Task statement: From the first line of the listing to the last, set down everything exactly, but skip the images.

Data block:

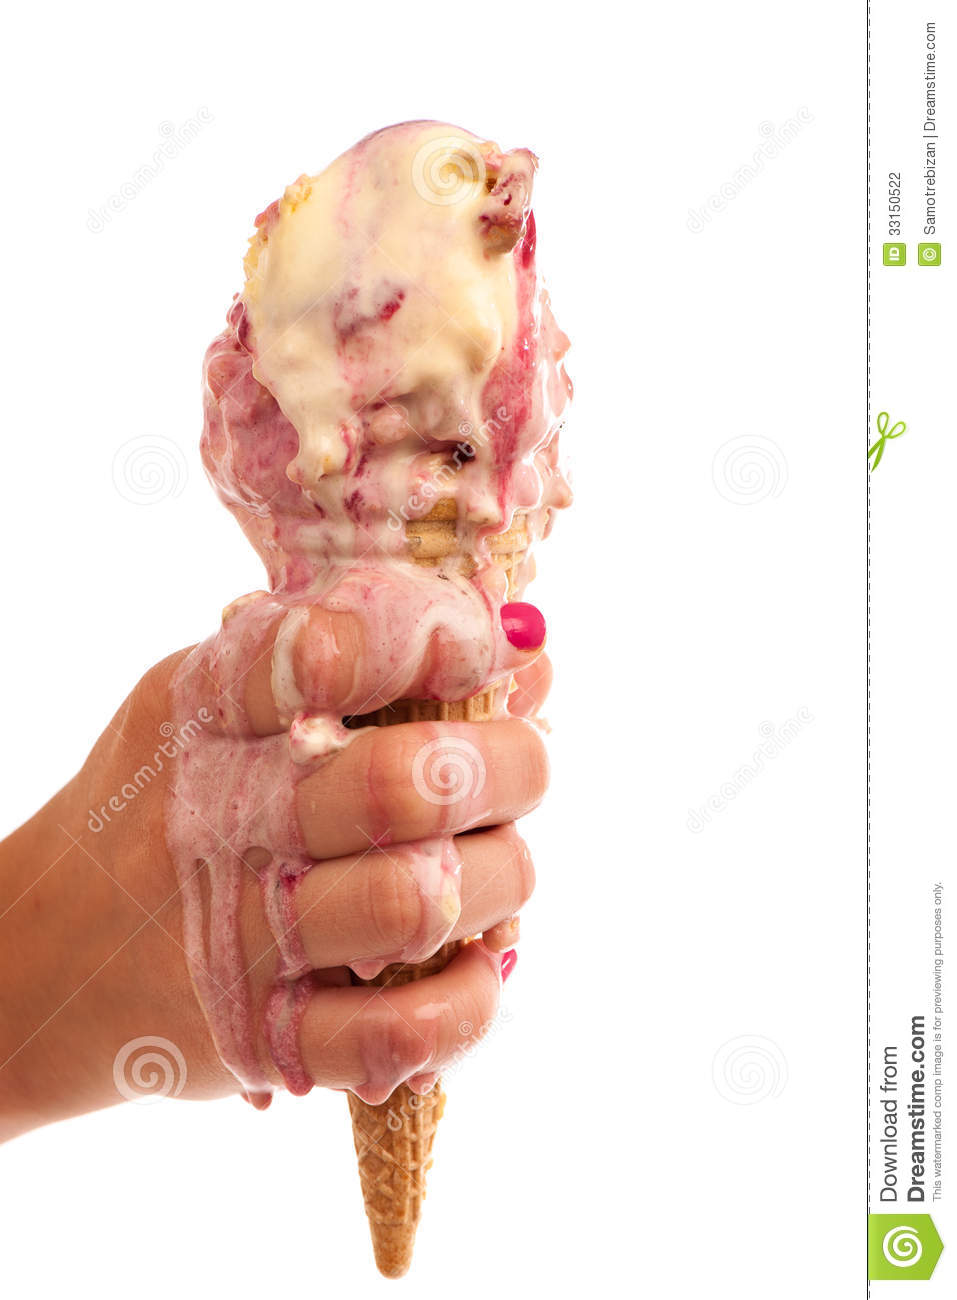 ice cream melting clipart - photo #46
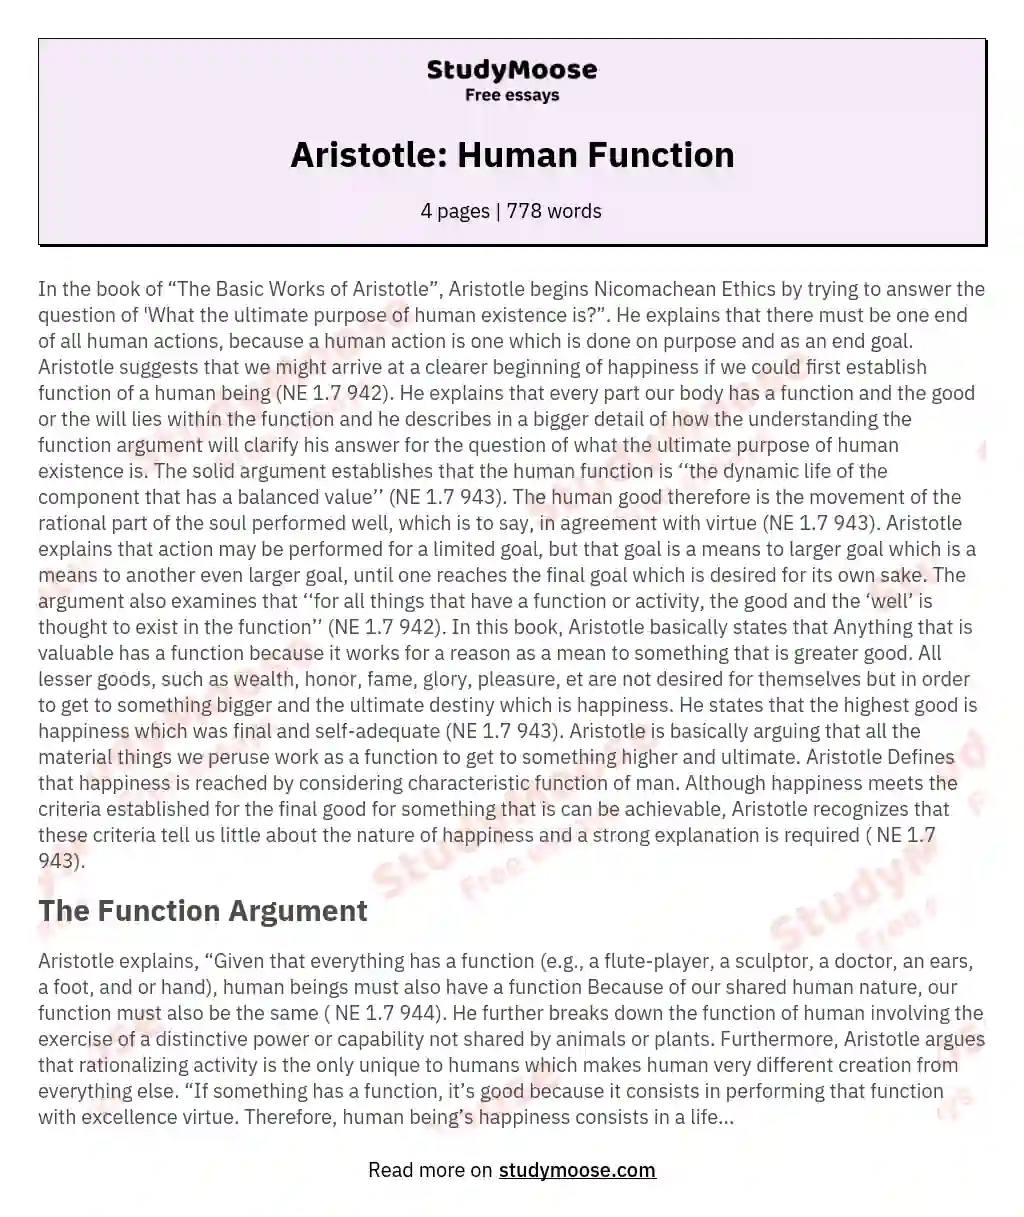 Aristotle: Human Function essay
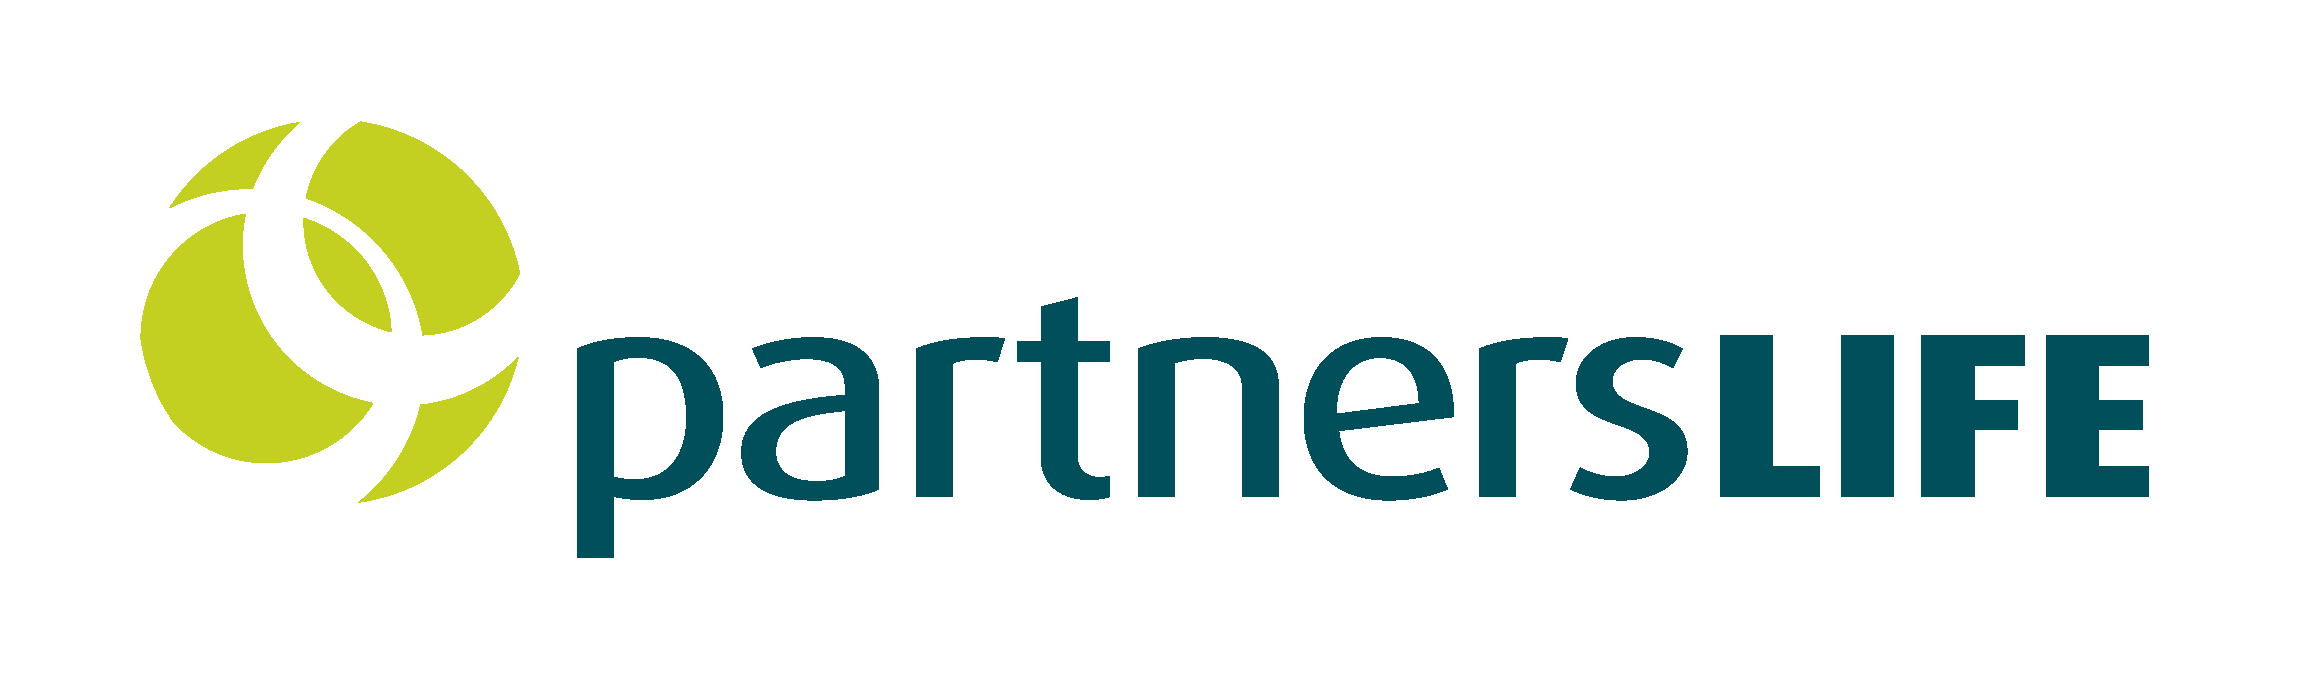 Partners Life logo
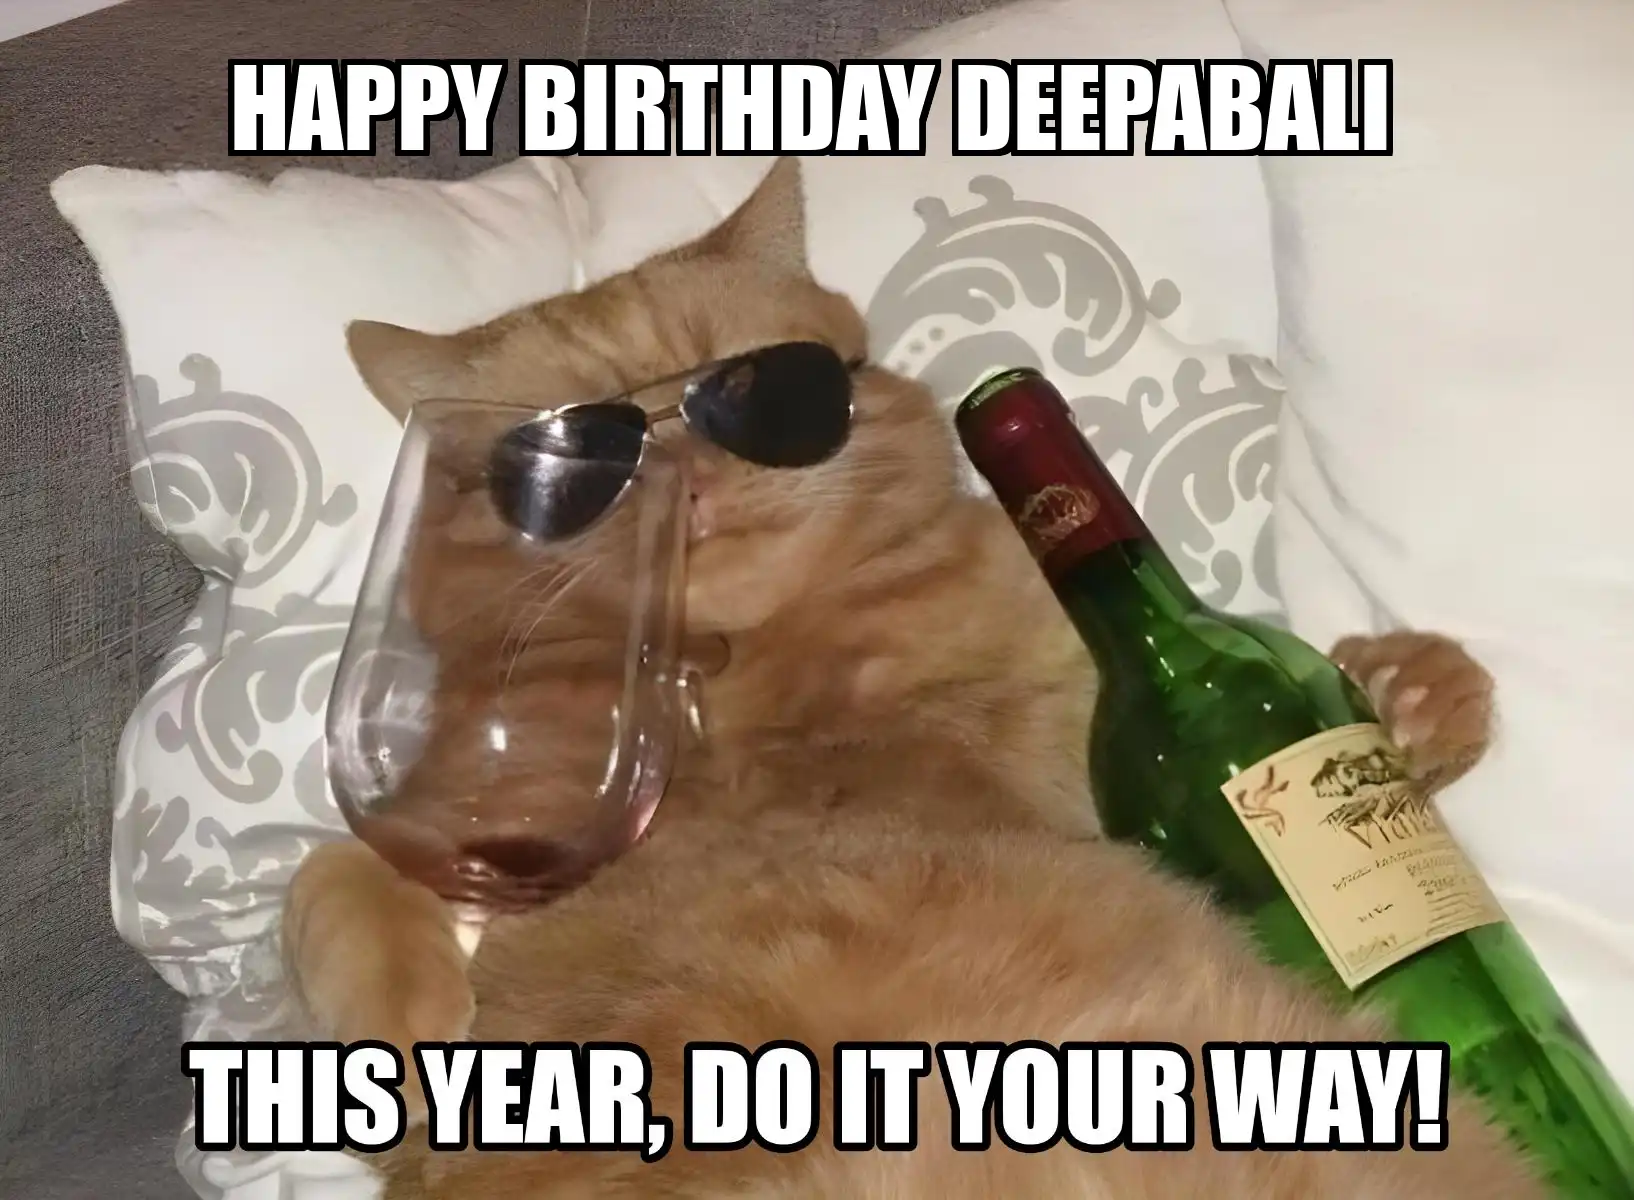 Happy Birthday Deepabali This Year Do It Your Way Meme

Problem solution:
 ice cream melting clipart - photo #46
 Aristotle: Human Function essay
 Partners Life logo
 Happy Birthday Deepabali This Year Do It Your Way Meme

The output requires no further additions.